Blank cheque is definitely not the norm. Up to the credit limit or credit limit + X% . Having said that, I just have two credit cards at the moment which give me no bonus points etc. I absolutely refuse to sign a security cheque of any kind, so I dont think I will be able to get another one at any point of time.


----------



## ziokendo

rsinner said:


> Blank cheque is definitely not the norm. Up to the credit limit or credit limit + X% . Having said that, I just have two credit cards at the moment which give me no bonus points etc. I absolutely refuse to sign a security cheque of any kind, so I dont think I will be able to get another one at any point of time.


Have you put a deposit to get the credit card without any security cheque ? If not, which bank ?

At the time I refused to sign the cheque and put an interest bearing deposit instead, but I am a bit annoyed by the fact that the more credit I need the more deposit I have to put therefore freezing a lot of money, and also about the fact that after cancelling the card it will take 45 days to get my deposit back, so I am thinking of switching to a regular one.

About putting or not an amount, at the end of the day I don't think that any well reputed bank would really write 1M aed on your cheque (which on the mashreq form I have seen is not even a regular cheque from your bank account, just a pro-forma "cheque looking box" in the credit card request form) and go cashing it just to screw you without any supporting proof of the underlying transaction demonstrating that I really owe that amount to them, an I have no evidence of such thing happened in the past.
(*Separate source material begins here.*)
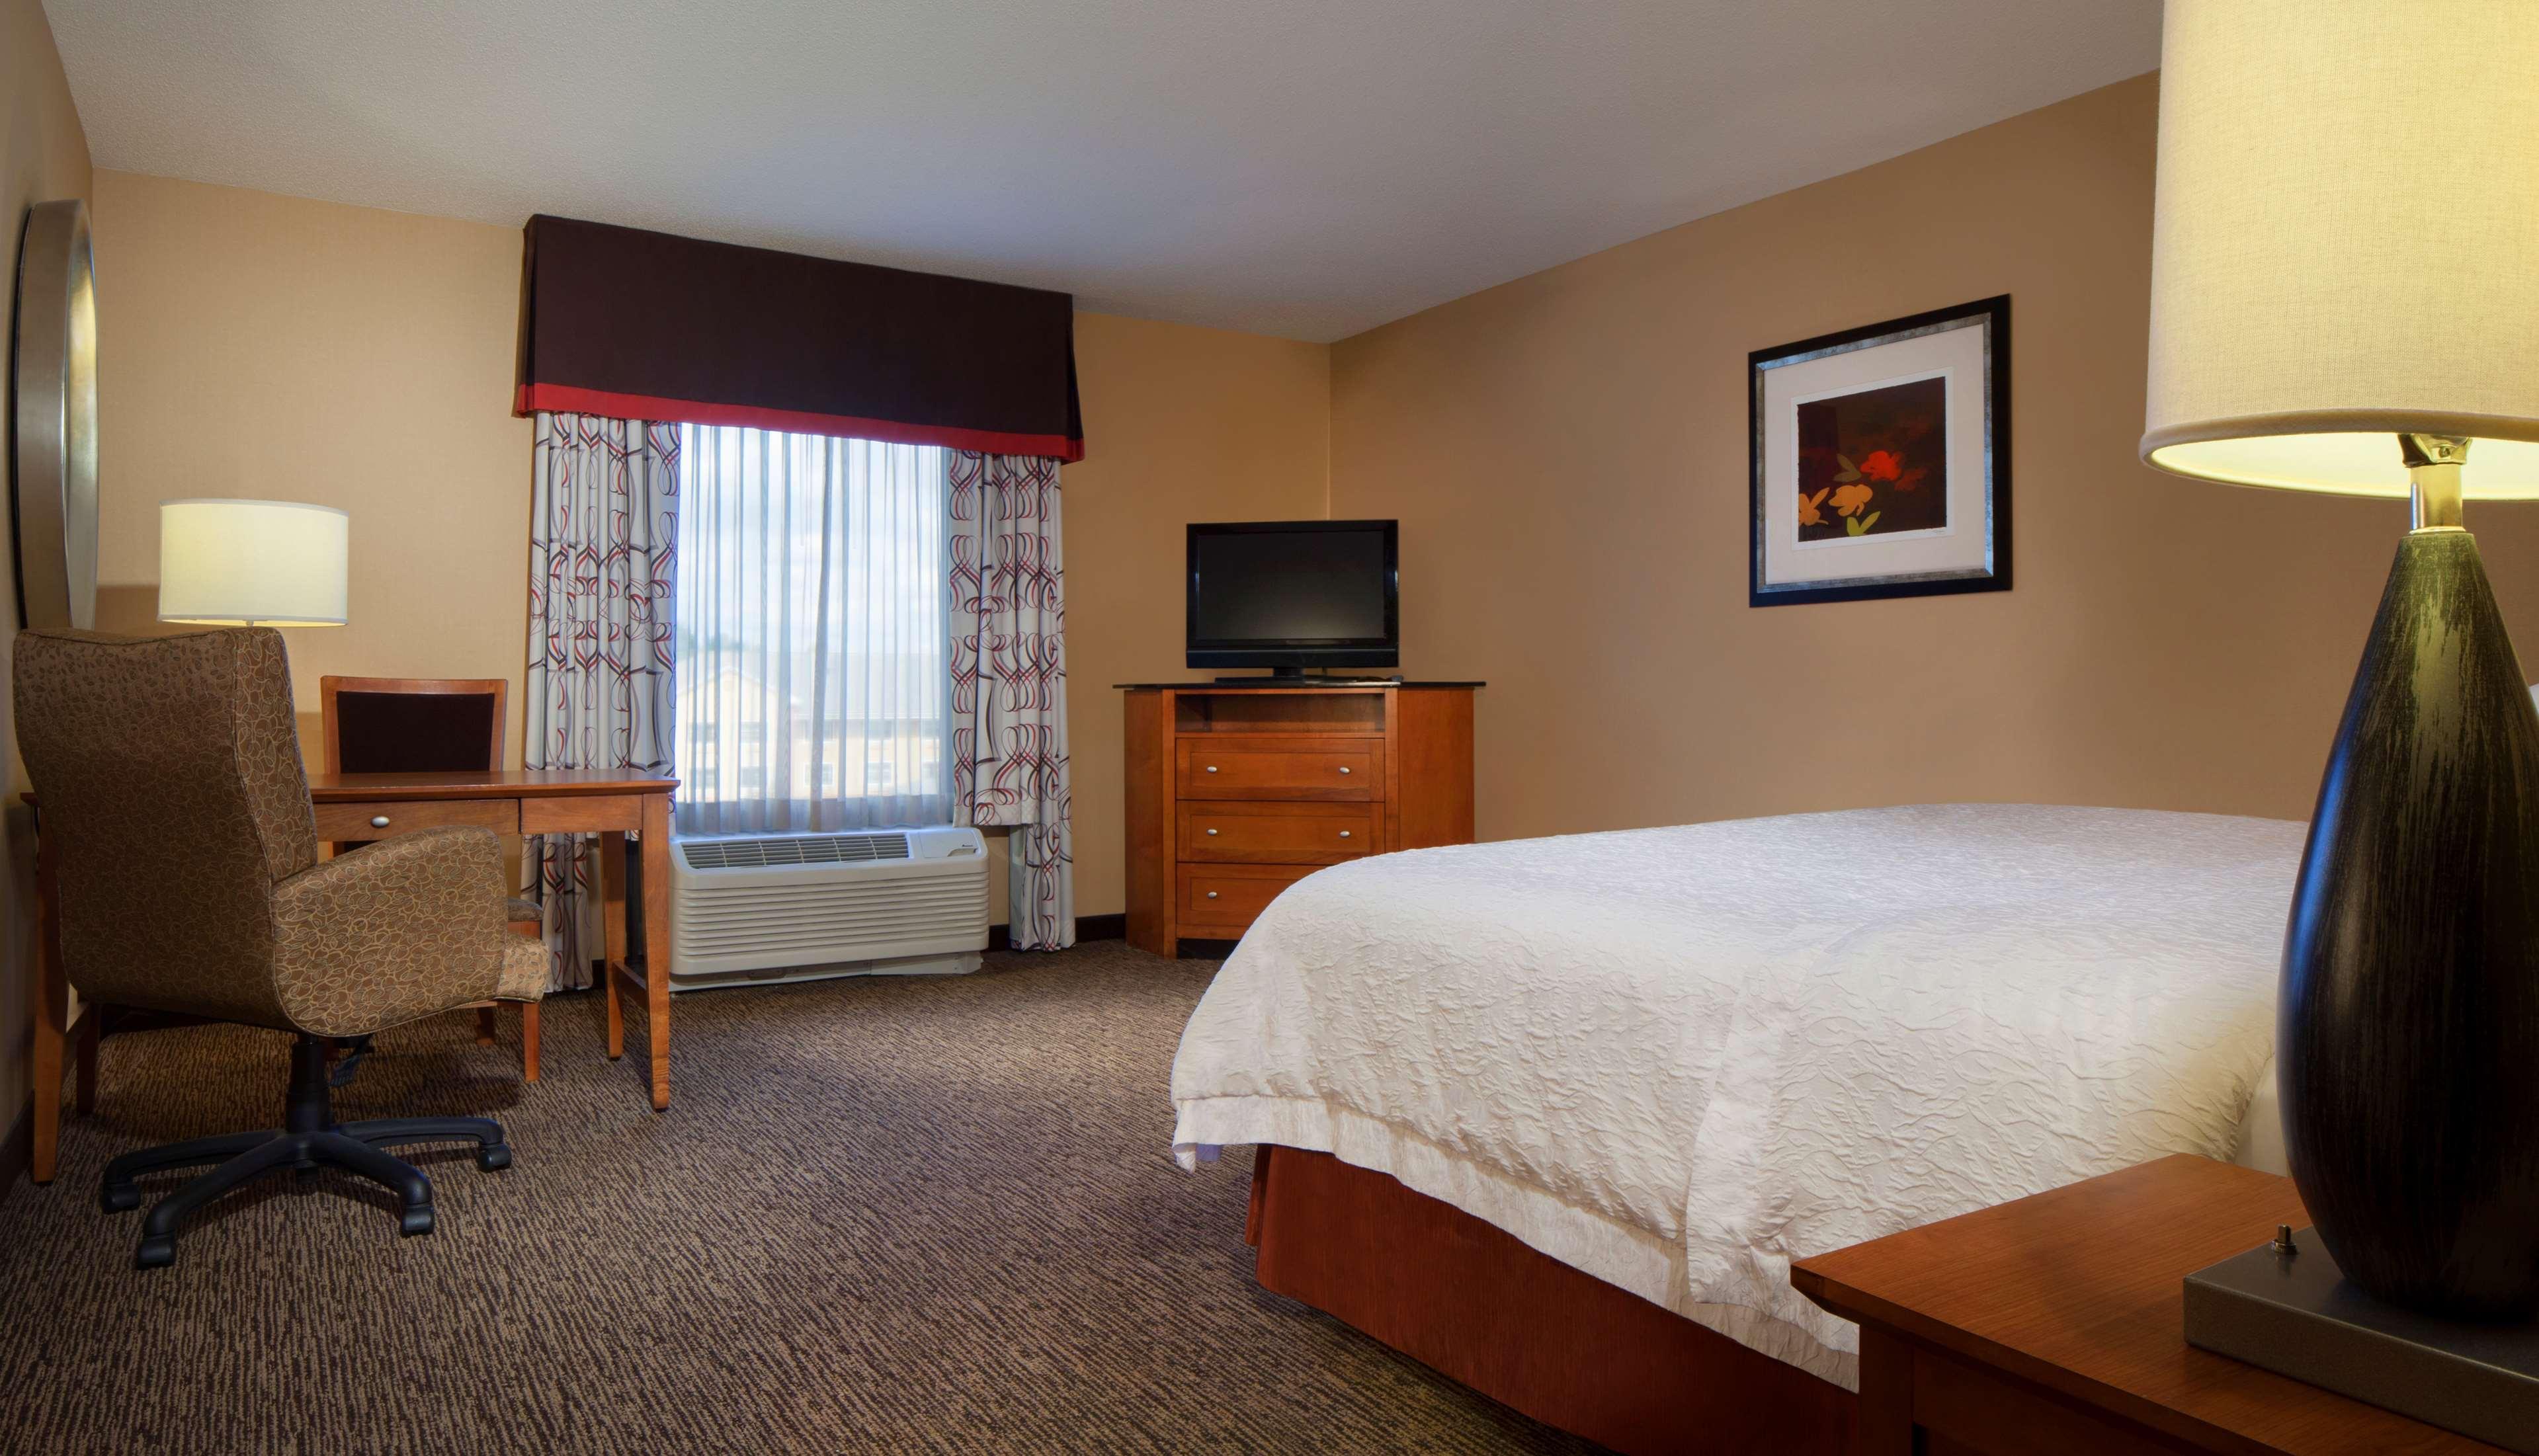 Hampton Inn & Suites Columbus-Easton Area image 28

What do you think ?

To talk with the sales rep of the credit cards is usually not an option as these are poorly educated high pressure sales guy, not able to sustain a conversation on any financial topic.


----------



## ziokendo

Bigjimbo said:


> Hello All,
> 
> I am considering getting a small credit card and was wondering which, in peoples experience, has the best benefits in terms of points or Air miles.
> 
> Any advice gratefully received!


I am very happy with the Mashreq Platinum Elite, you have this "salaam" points reward program where you can pay directly at major retailers like Sharaf DG, Starbucks, etc. with your points.
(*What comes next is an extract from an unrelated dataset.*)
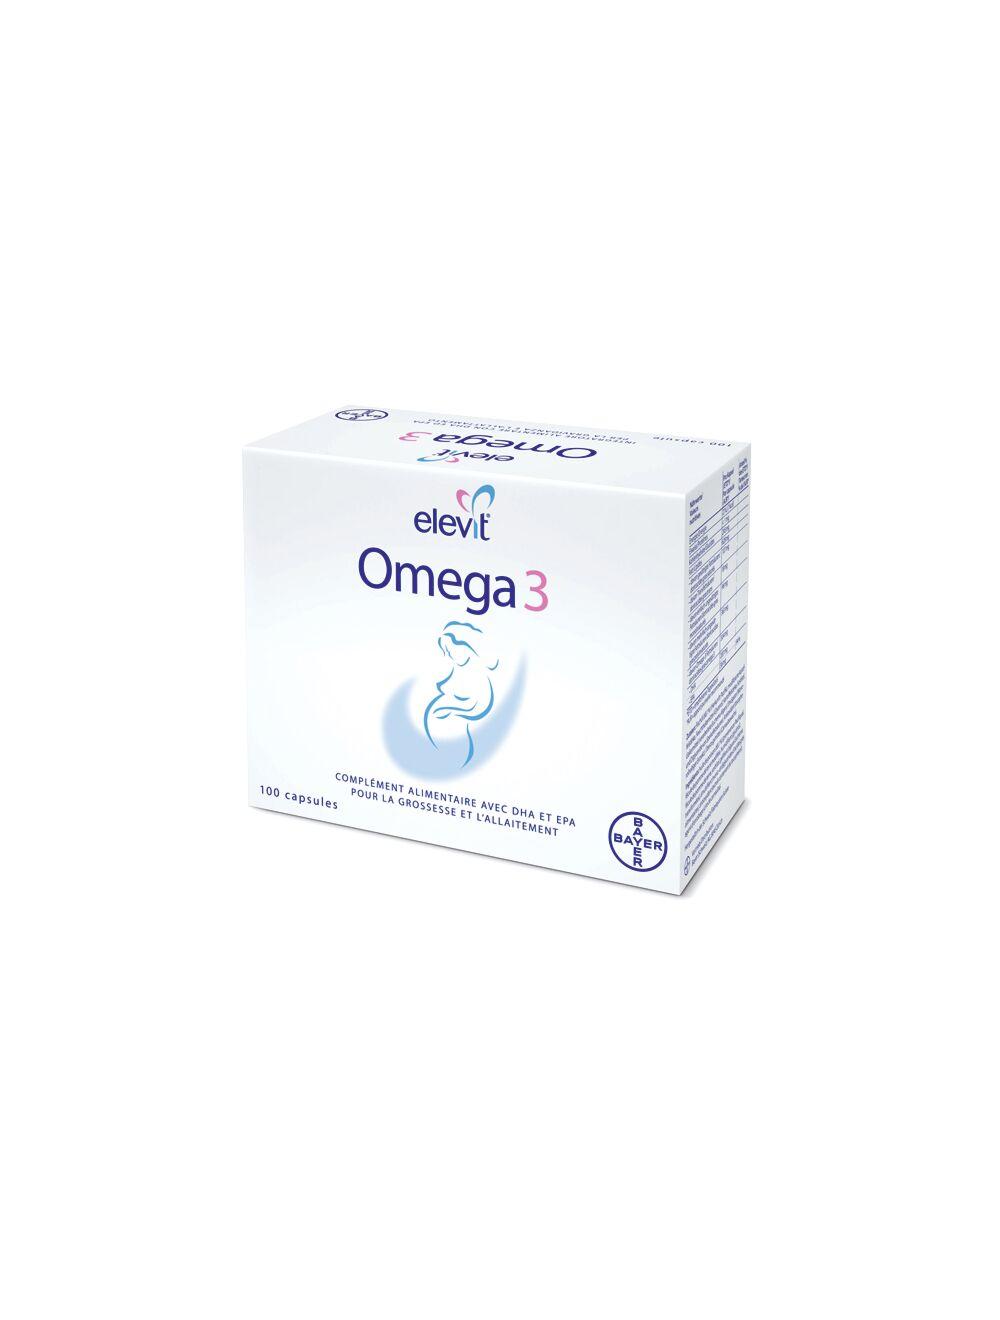 elevit omega 3 100 capsules

For me is even better than air miles since it's actually cash on stuff that I want/need and there is no minimum amount to redeem.

The regular cashback for my card is 1,33% (100 AED free every 7500 spent), but this DSF for example the payout has been doubled, etc ... so when you pay your holidays, car rental, shopping, groceries, etc via credit card, it grows pretty fast.


----------



## VitaEsMorte

Wasn't it prohibited to get blank cheques from customers?


----------



## fcjb1970

rsinner said:


> Blank cheque is definitely not the norm. Up to the credit limit or credit limit + X% . Having said that, I just have two credit cards at the moment which give me no bonus points etc. I absolutely refuse to sign a security cheque of any kind, so I dont think I will be able to get another one at any point of time.


Emirates NBD requires a blank check for a credit cards.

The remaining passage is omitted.